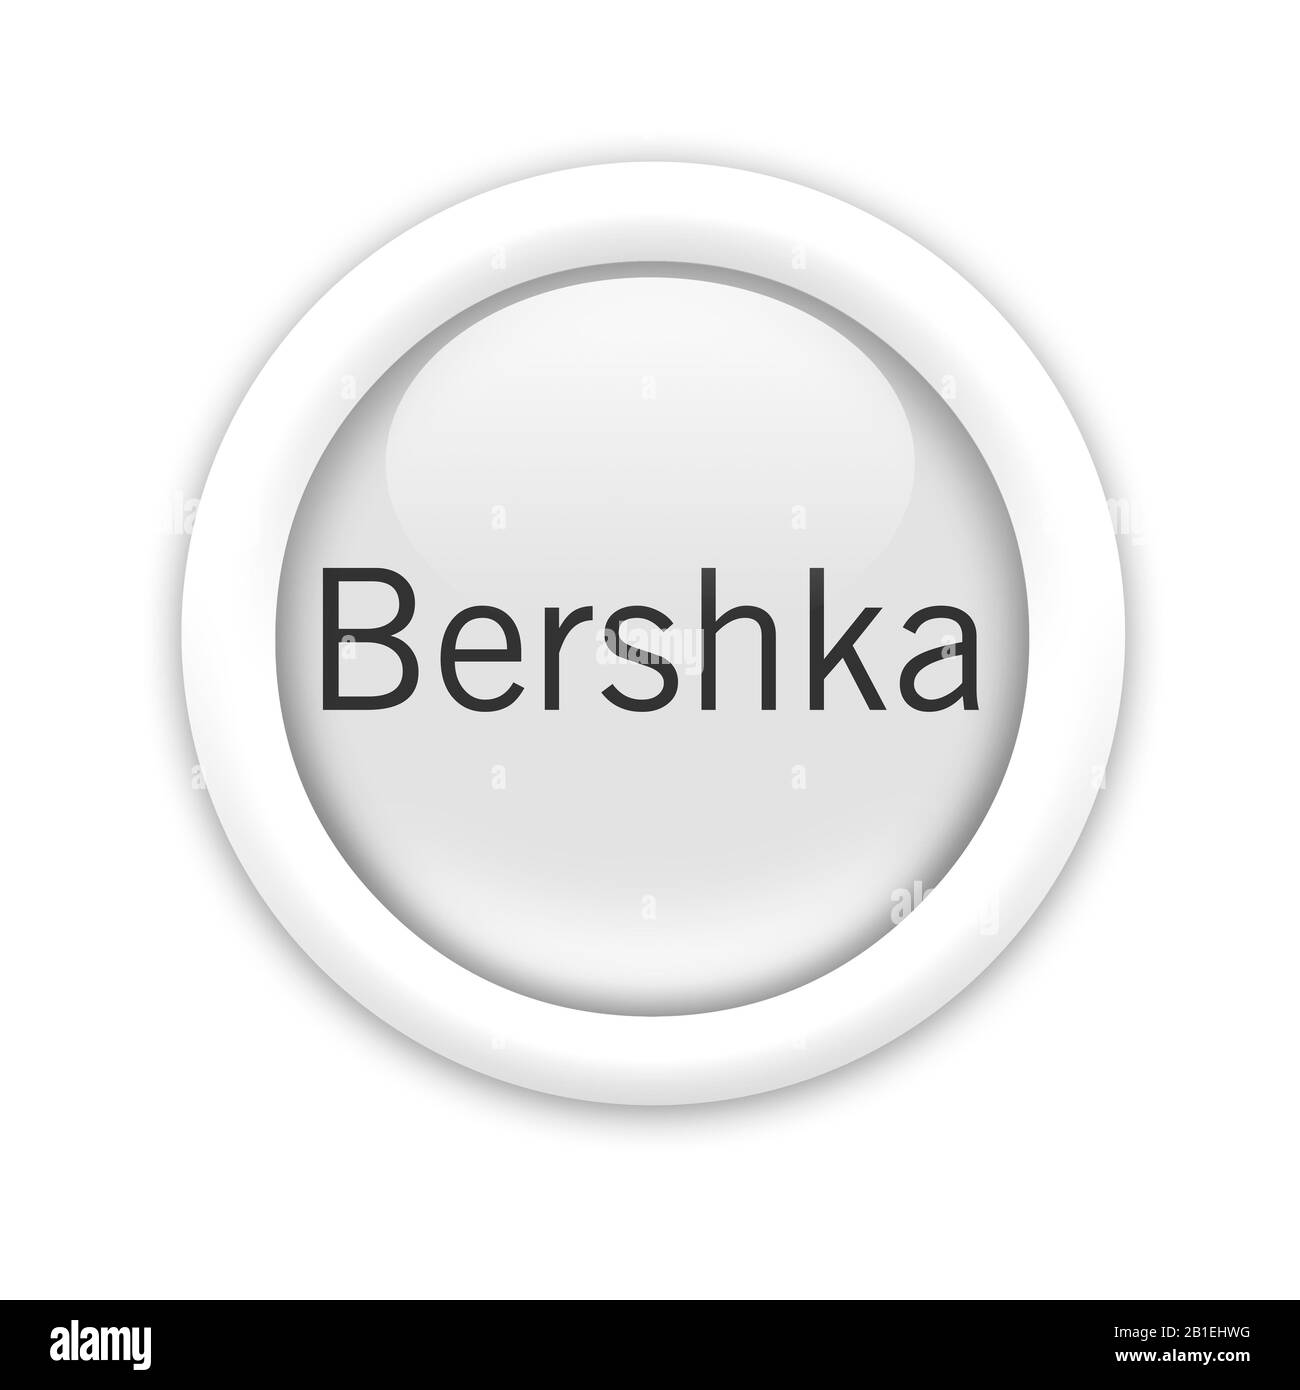 Bershka logo Cut Out Stock Images & Pictures - Alamy
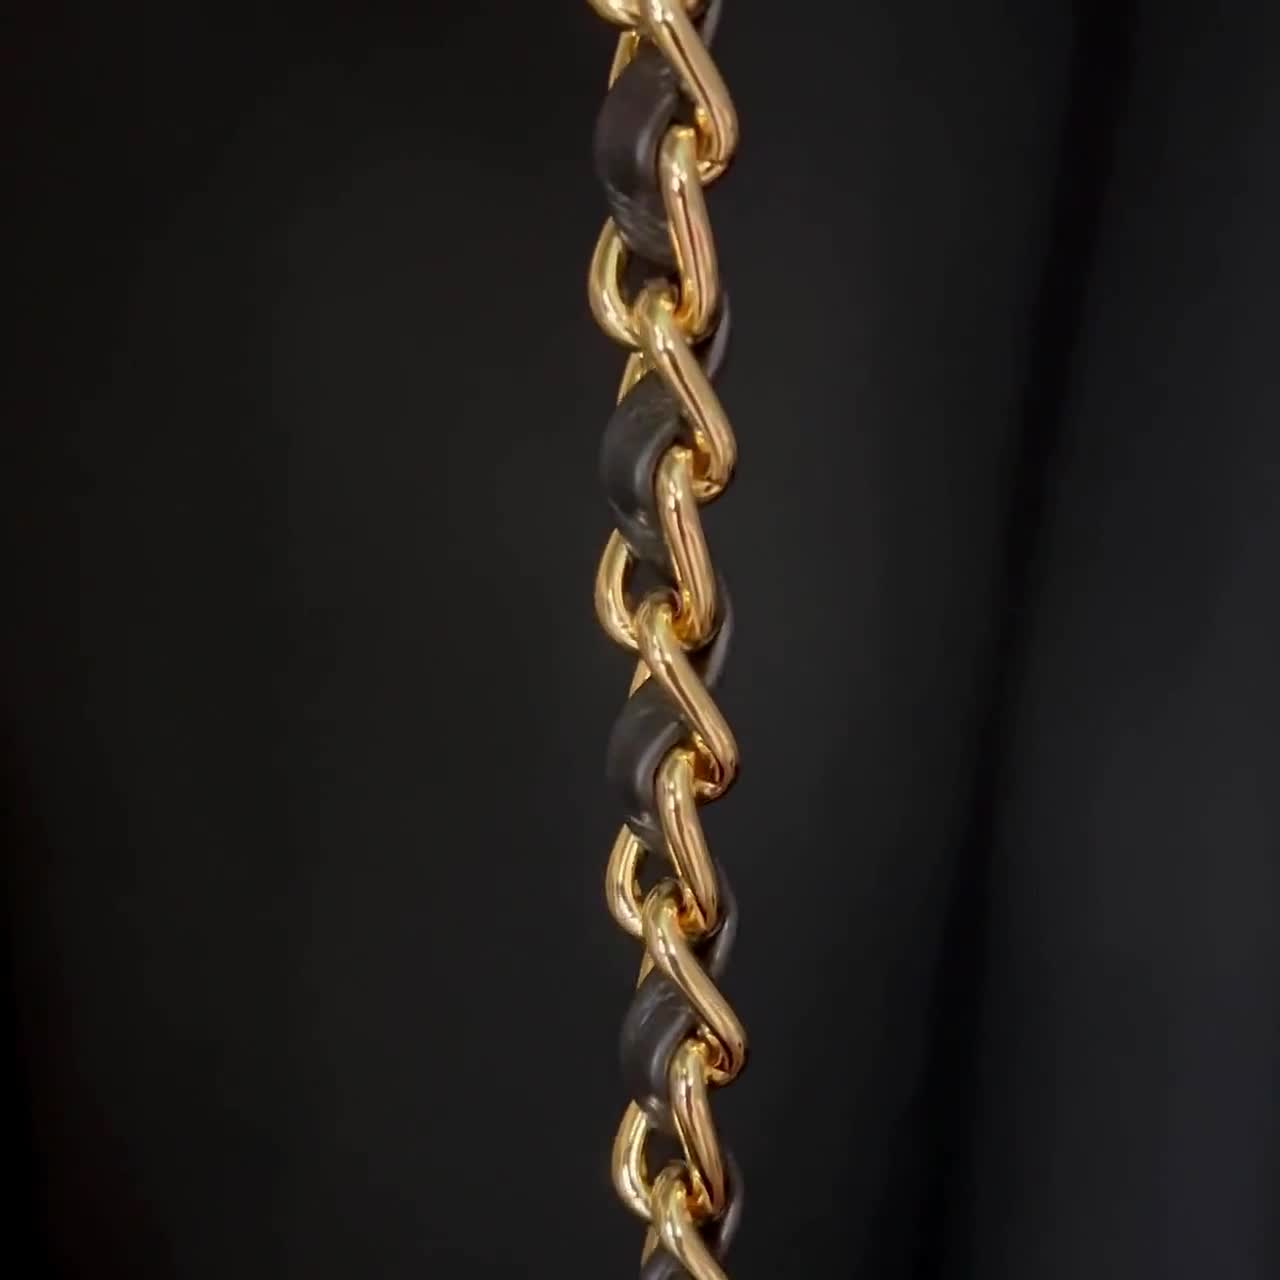 Classic GOLD Chain Bag Strap with Leather Weaved Through - Choice
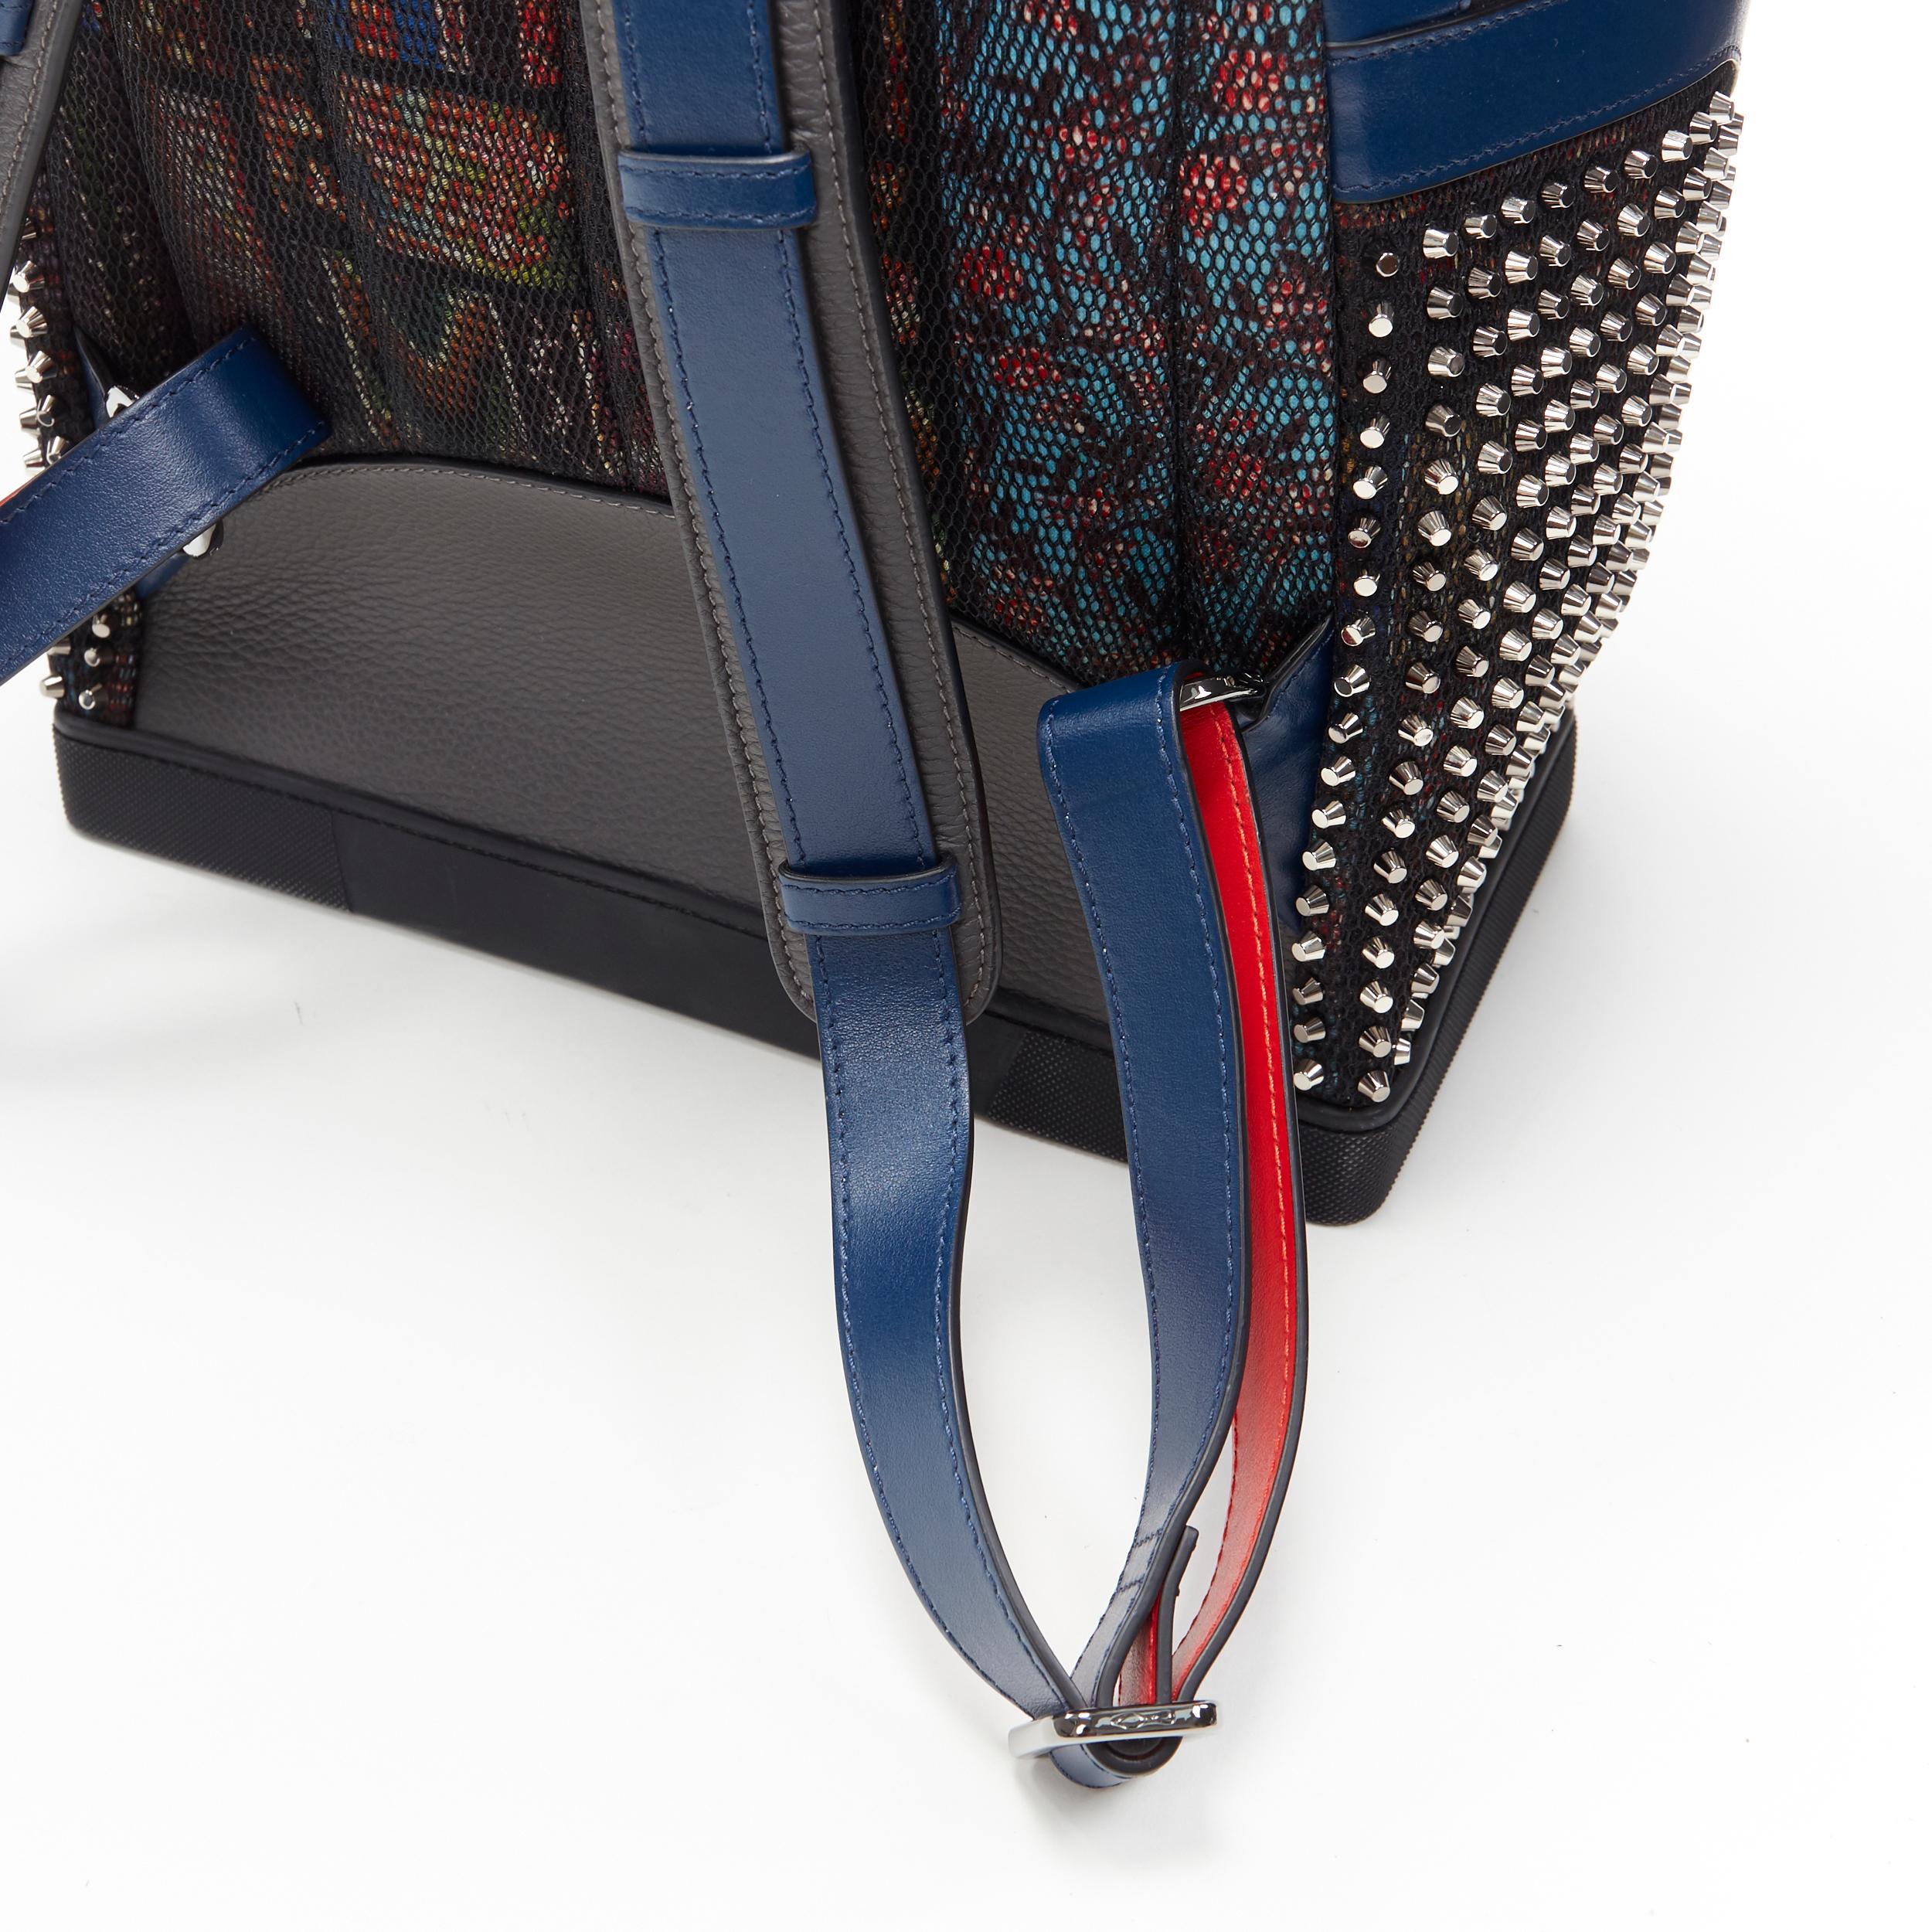 CHRISTIAN LOUBOUTIN Explorafunk studded printed mesh leather trimmed backpack 2

════════════════

Since the pictures are not wanted, transcribe the rest of the listing above exactly.

 Bershka logo Cut Out Stock Images & Pictures - Alamy
 Classic GOLD Chain Bag Strap with Leather Weaved Through - Choice
 CHRISTIAN LOUBOUTIN Explorafunk studded printed mesh leather trimmed backpack 2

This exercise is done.